§ WHAT YOU WILL DO:
Only the pictures are to be omitted; everything else in the listing must be reproduced exactly.

§ AVAILABLE DATA:
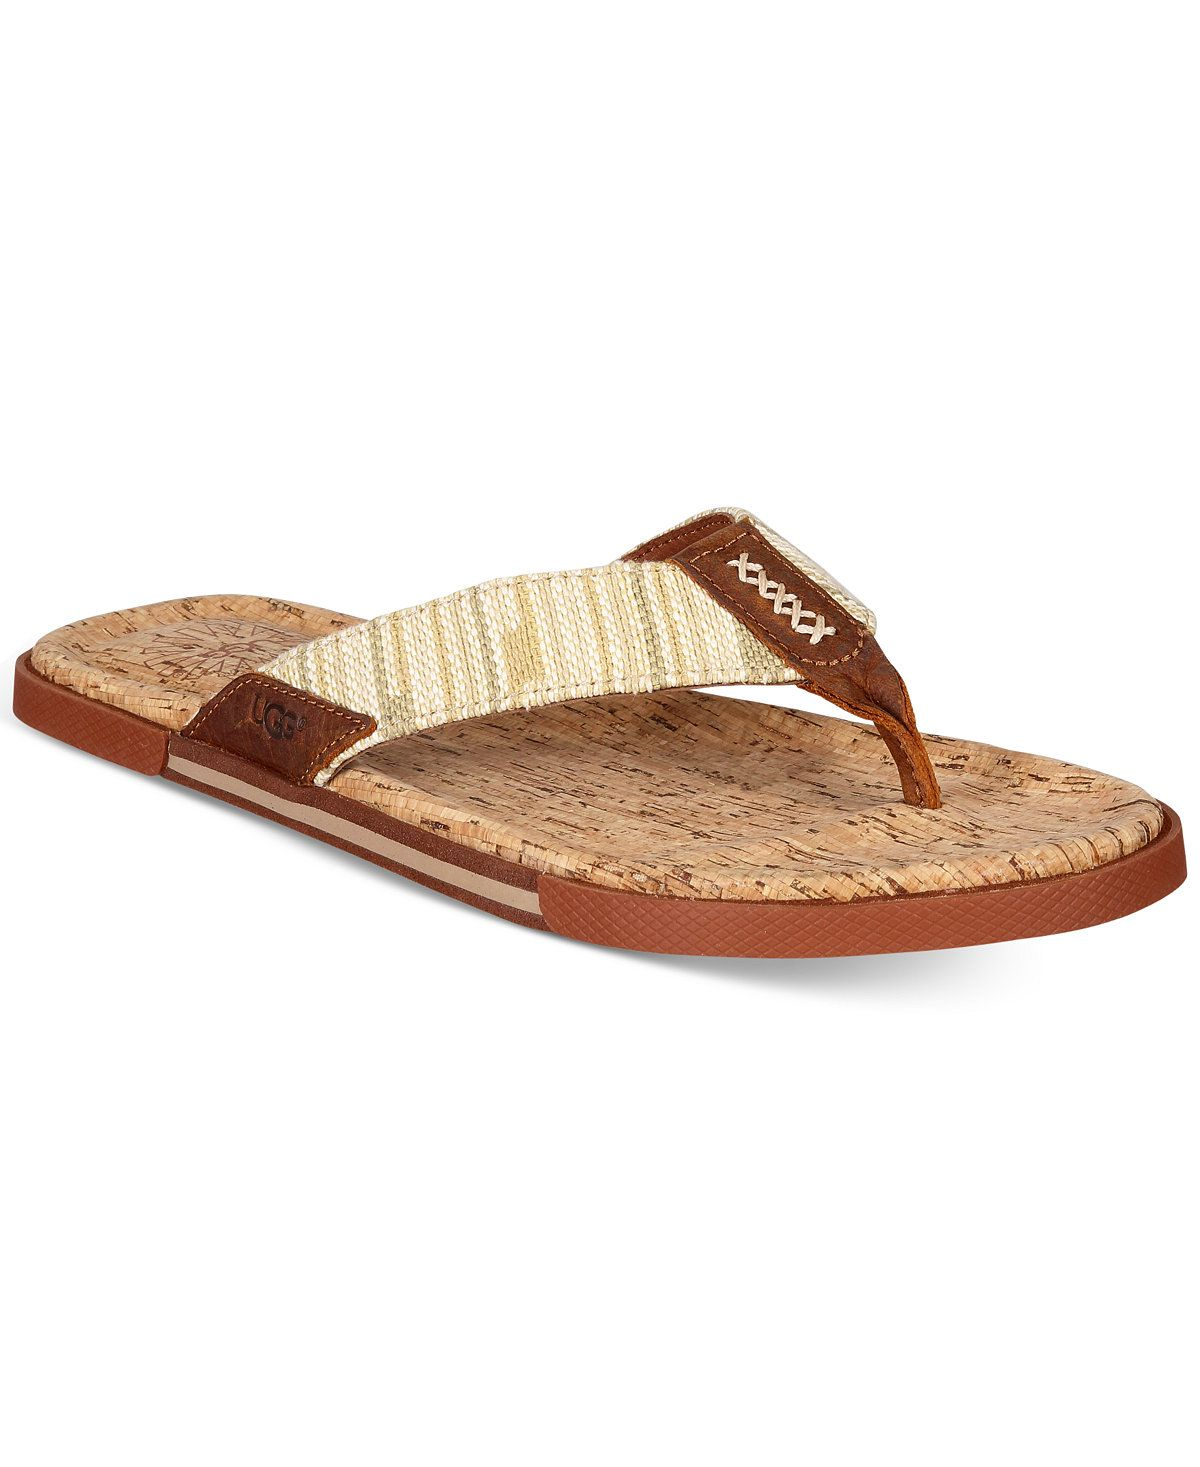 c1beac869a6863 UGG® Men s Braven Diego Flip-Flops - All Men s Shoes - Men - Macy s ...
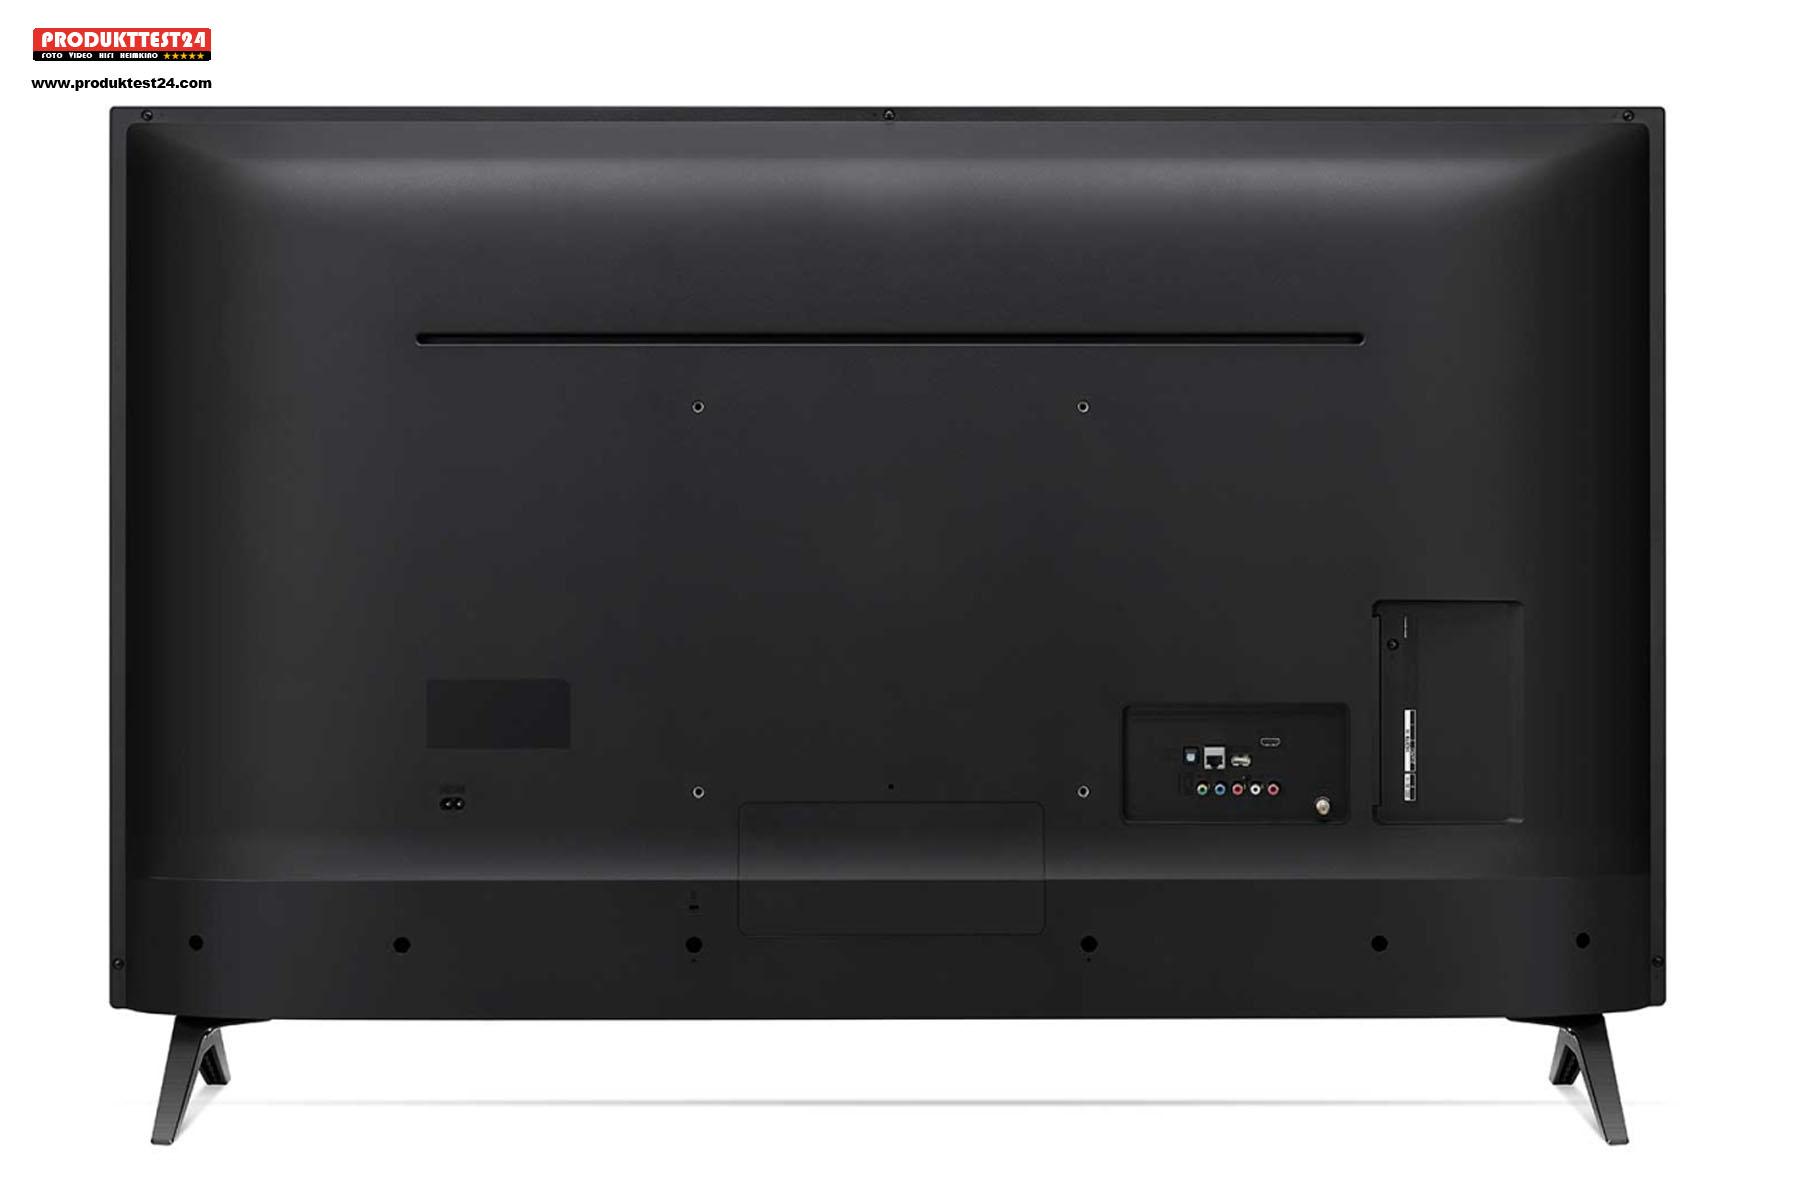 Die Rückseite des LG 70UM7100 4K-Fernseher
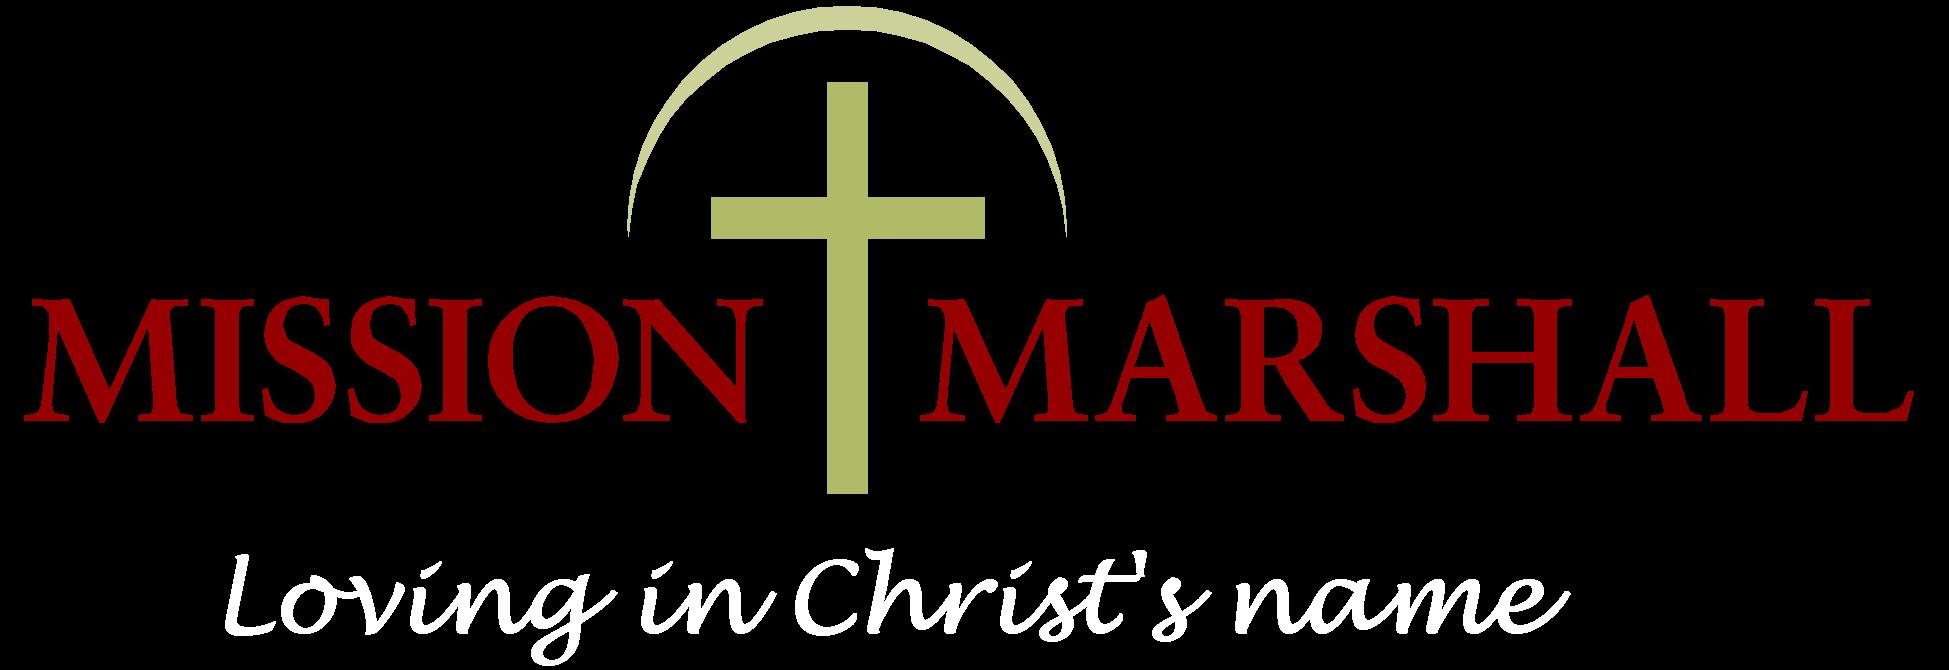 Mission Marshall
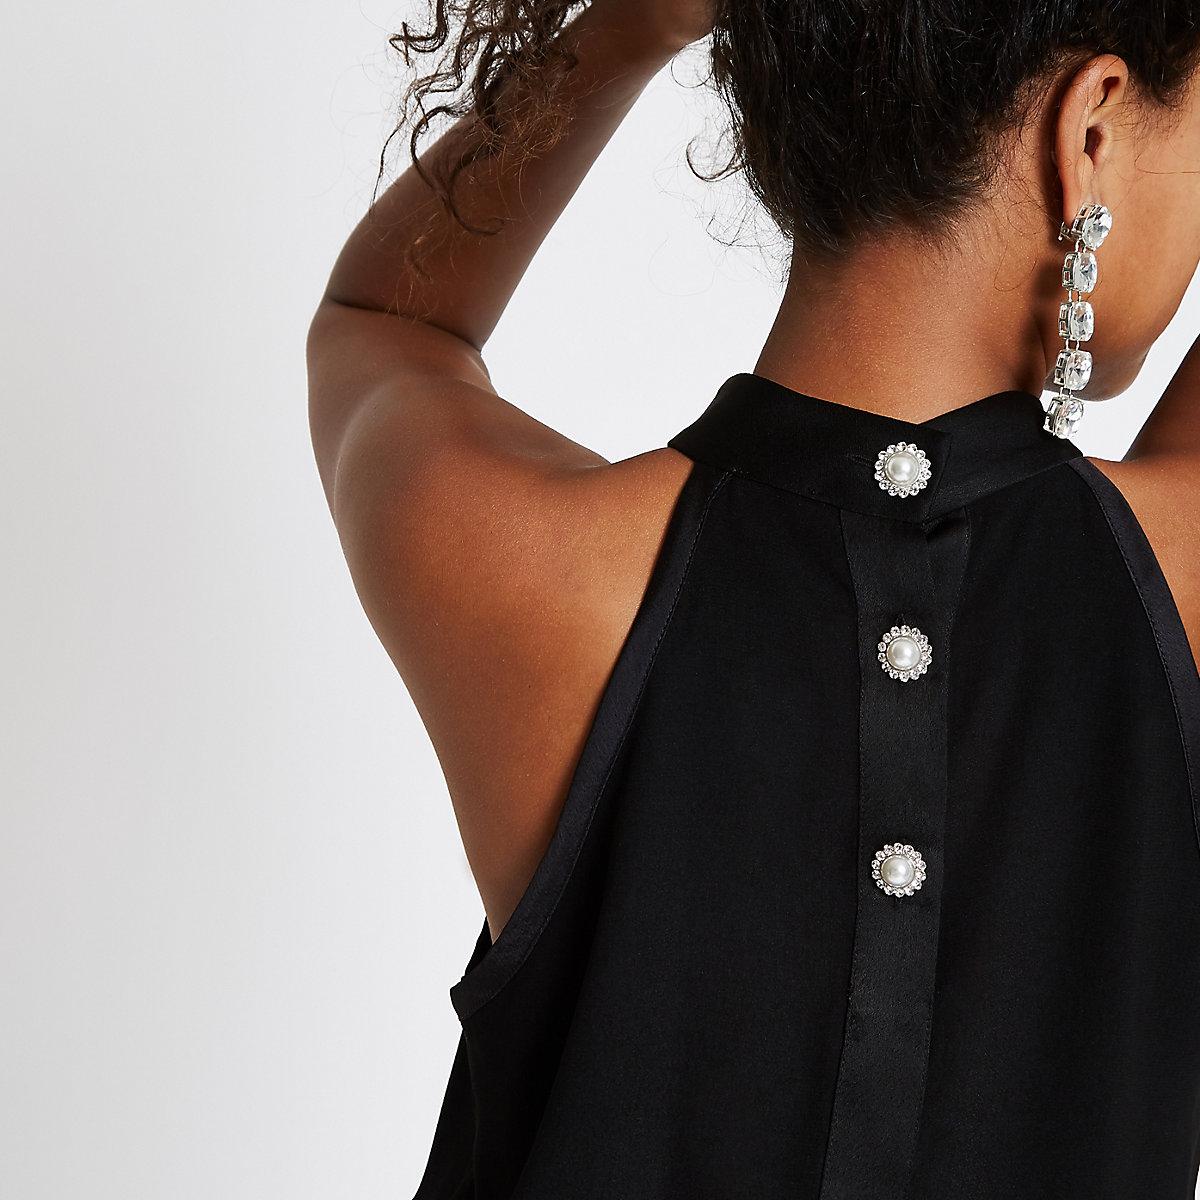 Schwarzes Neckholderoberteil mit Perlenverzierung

§ ANSWER FOR THIS EXERCISE:
 c1beac869a6863 UGG® Men s Braven Diego Flip-Flops - All Men s Shoes - Men - Macy s ...
 Die Rückseite des LG 70UM7100 4K-Fernseher
 Mission Marshall
 Schwarzes Neckholderoberteil mit Perlenverzierung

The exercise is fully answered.